In the Matter of Andrew J. Delaney, on Behalf of Himself and Others Similarly Situated, Respondent, against Frederick MacCurdy et al., Constituting the Retirement Board of the New York State Hospital Retirement System, Appellants.
Third Department,
November 14, 1945.
Nathaniel L. Goldstein, Attorney-General (Orrin G. Judd, Solicitor-General; Wendell P. Brown, First Assistant Attorney-General, John G. Grary, Jr., Assistant Attorney-General of counsel), for appellants.
DeGraff and Foy, attorneys (John T. DeGraff of counsel), for respondent.
[MAJORITY — Hill, P. J.]
Hill, P. J.
Appeal by the Retirement Board of the New York State Hospital Retirement System from an order of the Albany Special Term, fixing the retirement allowance of respondent at the sum of $3,652.40 commencing November 1, 1944. The Hospital Retirement System was closed to new entrants on July 1, 1926. Employees commencing their service in that branch since that date are under the general retirement system for State employees. There are about 230 members who still belong to the Hospital Retirement System. Respondent became an employee of the New York State Hospital System on June 23, 1913, and on September -6, 1944, having served more than twenty-five years, filed his application for retirement to be effective as of November 1, 1944. He had contributed to the retirement system for State hospital employees from the beginning of his service. Under section 172 of the Mental Hygiene Law (hereafter called § 172) he was entitled to a retirement benefit ‘ ‘ equal to one-half of the wages or compensation, including maintenance * * * as fixed by or pursuant to statute, received by him * * * for the year immediately preceding the application for retirement * * * ”. Subsequent to October 1, 1943, he received a gross salary of $7,304.80, $4,000 being in cash and $3,304.80 the value of maintenance furnished by the State as fixed by the Director of the Budget under section 42 of the Civil Service Law (hereafter called § 42) and for a like period the State had required contributions to the Retirement System and payments of income tax computed thereon. Prior to October 1, 1943, when the repeal of section 61 of the Mental Hygiene Law (hereafter called § 61) became effective, his cash salary had been $4,000 and maintenance $504 annually as fixed by section 61, and contributions were made and income tax paid computed thereon.

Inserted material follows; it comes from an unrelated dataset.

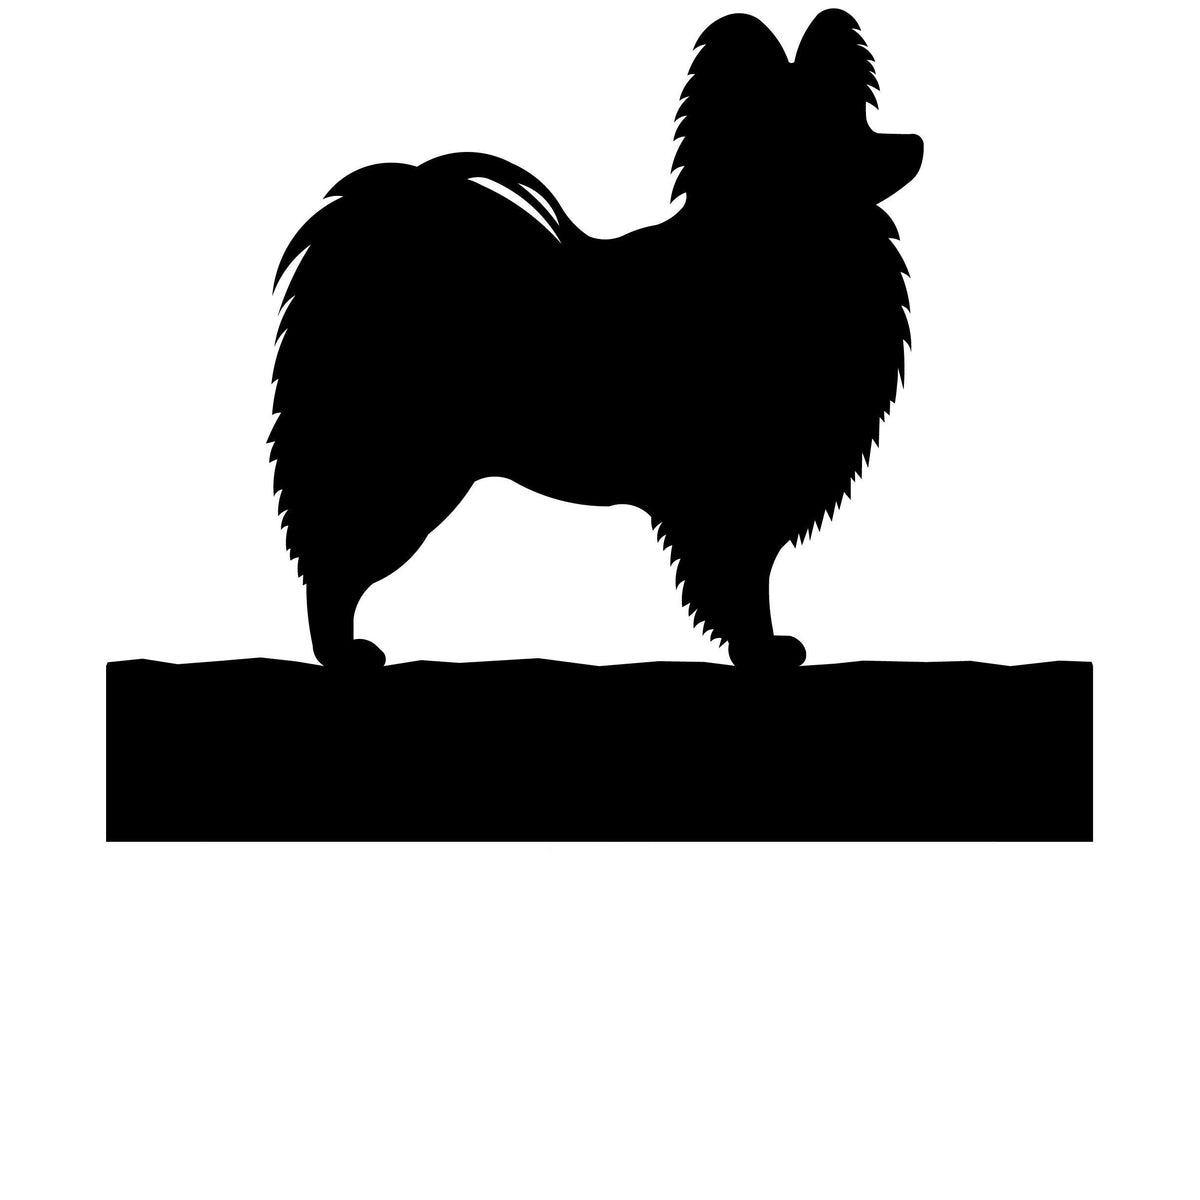 Pomeranian dog address stake

The Attorney-General for the appellants contends that the amount of the retirement should be $2,252, being one half of the cash salary and maintenance prior to October 1, 1943, instead of one half of the $7,304.80, upon the theory that section 61 continues to be effective, though repealed (L. 1942, ch. 133, as amd. by L. 1943, ch. 221), to fix the amount of maintenance under section 172 as, he argues, it had been incorporated therein by reference.
The statement “ maintenance * * * as fixed by or pursuant to statute ” contained in section 172 unquestionably, at the time of its enactment, referred to section 61. The Legislature in the same session when the last-mentioned section was repealed, amended the Civil Service Law (§ 42) to provide: “ Any contribution by the state of food, lodging or maintenance, or any commutation in lieu of maintenance, except traveling expenses and field allowances, shall be considered as part of the salary established by section forty of this chapter. The fair value of such food, lodging, maintenance or commutation shall be determined by the director of the budget and may in his discretion be deducted from the salary established by said section.”
Section 40 of the Civil Service Law was passed (L. 1937, ch. 859) to standardize salaries in the public service, and section 42, from which a quotation is earlier taken, was one of several amendments thereto (L. 1942, ch. 381). It seems clear that the entire subject of salary and maintenance here involved was transferred to the Civil Service Law by the general standardization provisions contained in what is known as the FeldHamilton Act (L. 1937, ch. 859) and that the Legislature repealed section 61 with the intention that the reference contained in section 172 should be to the general salary and maintenance provisions contained in the Civil Service Law.
The language of section 172 is general and in no way directly refers to section 61 of the same Act. The Civil Service Law deals with salaries and maintenance which are factors under all retirement laws. The repeal of section 61 was definite and direct and not by implication.
Under the foregoing, the constitutional question against incorporating an existing law into another act without inserting it therein (FT. T. Const., art. Ill, § 16) is not involved, as the legislative intent seems clear.
The order should be affirmed, with costs.
All concur.
Order affirmed, with $50 costs and disbursements.